-------- MATERIALS PROVIDED --------
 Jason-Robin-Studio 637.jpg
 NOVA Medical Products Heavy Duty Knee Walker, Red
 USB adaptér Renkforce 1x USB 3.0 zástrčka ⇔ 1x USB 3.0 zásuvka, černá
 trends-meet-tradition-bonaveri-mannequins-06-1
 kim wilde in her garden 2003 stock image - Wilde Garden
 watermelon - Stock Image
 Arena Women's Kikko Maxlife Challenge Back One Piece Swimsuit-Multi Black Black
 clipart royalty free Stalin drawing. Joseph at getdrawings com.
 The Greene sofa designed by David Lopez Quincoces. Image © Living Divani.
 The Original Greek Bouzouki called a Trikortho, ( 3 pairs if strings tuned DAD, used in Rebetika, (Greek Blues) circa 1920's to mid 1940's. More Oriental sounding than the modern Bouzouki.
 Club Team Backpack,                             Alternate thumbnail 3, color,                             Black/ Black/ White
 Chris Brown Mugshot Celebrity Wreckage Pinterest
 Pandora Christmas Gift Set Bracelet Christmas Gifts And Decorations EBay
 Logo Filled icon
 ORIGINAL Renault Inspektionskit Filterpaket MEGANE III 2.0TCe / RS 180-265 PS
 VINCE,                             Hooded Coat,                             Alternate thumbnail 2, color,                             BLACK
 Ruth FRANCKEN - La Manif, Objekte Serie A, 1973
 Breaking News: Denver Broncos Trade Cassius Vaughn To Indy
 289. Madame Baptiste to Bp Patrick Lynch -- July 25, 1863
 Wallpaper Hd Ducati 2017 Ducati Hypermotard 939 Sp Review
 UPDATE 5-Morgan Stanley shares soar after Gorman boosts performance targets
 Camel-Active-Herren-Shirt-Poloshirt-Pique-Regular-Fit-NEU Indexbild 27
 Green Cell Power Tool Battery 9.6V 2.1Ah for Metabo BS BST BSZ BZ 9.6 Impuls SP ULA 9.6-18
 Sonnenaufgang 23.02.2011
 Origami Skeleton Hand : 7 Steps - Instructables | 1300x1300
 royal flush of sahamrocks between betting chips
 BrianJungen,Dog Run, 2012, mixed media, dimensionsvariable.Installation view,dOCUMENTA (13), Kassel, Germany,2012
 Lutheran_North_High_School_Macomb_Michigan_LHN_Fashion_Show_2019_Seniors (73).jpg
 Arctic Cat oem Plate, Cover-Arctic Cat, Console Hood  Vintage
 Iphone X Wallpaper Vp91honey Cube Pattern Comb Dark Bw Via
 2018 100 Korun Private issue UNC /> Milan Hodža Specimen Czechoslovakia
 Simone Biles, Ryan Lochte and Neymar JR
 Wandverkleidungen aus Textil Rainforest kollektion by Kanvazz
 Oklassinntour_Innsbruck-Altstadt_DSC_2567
--------
▸ **TRY IT**
Every record must be repeated precisely and in full.

▸ **TASK RESULT**
 Jason-Robin-Studio 637.jpg
 NOVA Medical Products Heavy Duty Knee Walker, Red
 USB adaptér Renkforce 1x USB 3.0 zástrčka ⇔ 1x USB 3.0 zásuvka, černá
 trends-meet-tradition-bonaveri-mannequins-06-1
 kim wilde in her garden 2003 stock image - Wilde Garden
 watermelon - Stock Image
 Arena Women's Kikko Maxlife Challenge Back One Piece Swimsuit-Multi Black Black
 clipart royalty free Stalin drawing. Joseph at getdrawings com.
 The Greene sofa designed by David Lopez Quincoces. Image © Living Divani.
 The Original Greek Bouzouki called a Trikortho, ( 3 pairs if strings tuned DAD, used in Rebetika, (Greek Blues) circa 1920's to mid 1940's. More Oriental sounding than the modern Bouzouki.
 Club Team Backpack,                             Alternate thumbnail 3, color,                             Black/ Black/ White
 Chris Brown Mugshot Celebrity Wreckage Pinterest
 Pandora Christmas Gift Set Bracelet Christmas Gifts And Decorations EBay
 Logo Filled icon
 ORIGINAL Renault Inspektionskit Filterpaket MEGANE III 2.0TCe / RS 180-265 PS
 VINCE,                             Hooded Coat,                             Alternate thumbnail 2, color,                             BLACK
 Ruth FRANCKEN - La Manif, Objekte Serie A, 1973
 Breaking News: Denver Broncos Trade Cassius Vaughn To Indy
 289. Madame Baptiste to Bp Patrick Lynch -- July 25, 1863
 Wallpaper Hd Ducati 2017 Ducati Hypermotard 939 Sp Review
 UPDATE 5-Morgan Stanley shares soar after Gorman boosts performance targets
 Camel-Active-Herren-Shirt-Poloshirt-Pique-Regular-Fit-NEU Indexbild 27
 Green Cell Power Tool Battery 9.6V 2.1Ah for Metabo BS BST BSZ BZ 9.6 Impuls SP ULA 9.6-18
 Sonnenaufgang 23.02.2011
 Origami Skeleton Hand : 7 Steps - Instructables | 1300x1300
 royal flush of sahamrocks between betting chips
 BrianJungen,Dog Run, 2012, mixed media, dimensionsvariable.Installation view,dOCUMENTA (13), Kassel, Germany,2012
 Lutheran_North_High_School_Macomb_Michigan_LHN_Fashion_Show_2019_Seniors (73).jpg
 Arctic Cat oem Plate, Cover-Arctic Cat, Console Hood  Vintage
 Iphone X Wallpaper Vp91honey Cube Pattern Comb Dark Bw Via
 2018 100 Korun Private issue UNC /> Milan Hodža Specimen Czechoslovakia
 Simone Biles, Ryan Lochte and Neymar JR
 Wandverkleidungen aus Textil Rainforest kollektion by Kanvazz
 Oklassinntour_Innsbruck-Altstadt_DSC_2567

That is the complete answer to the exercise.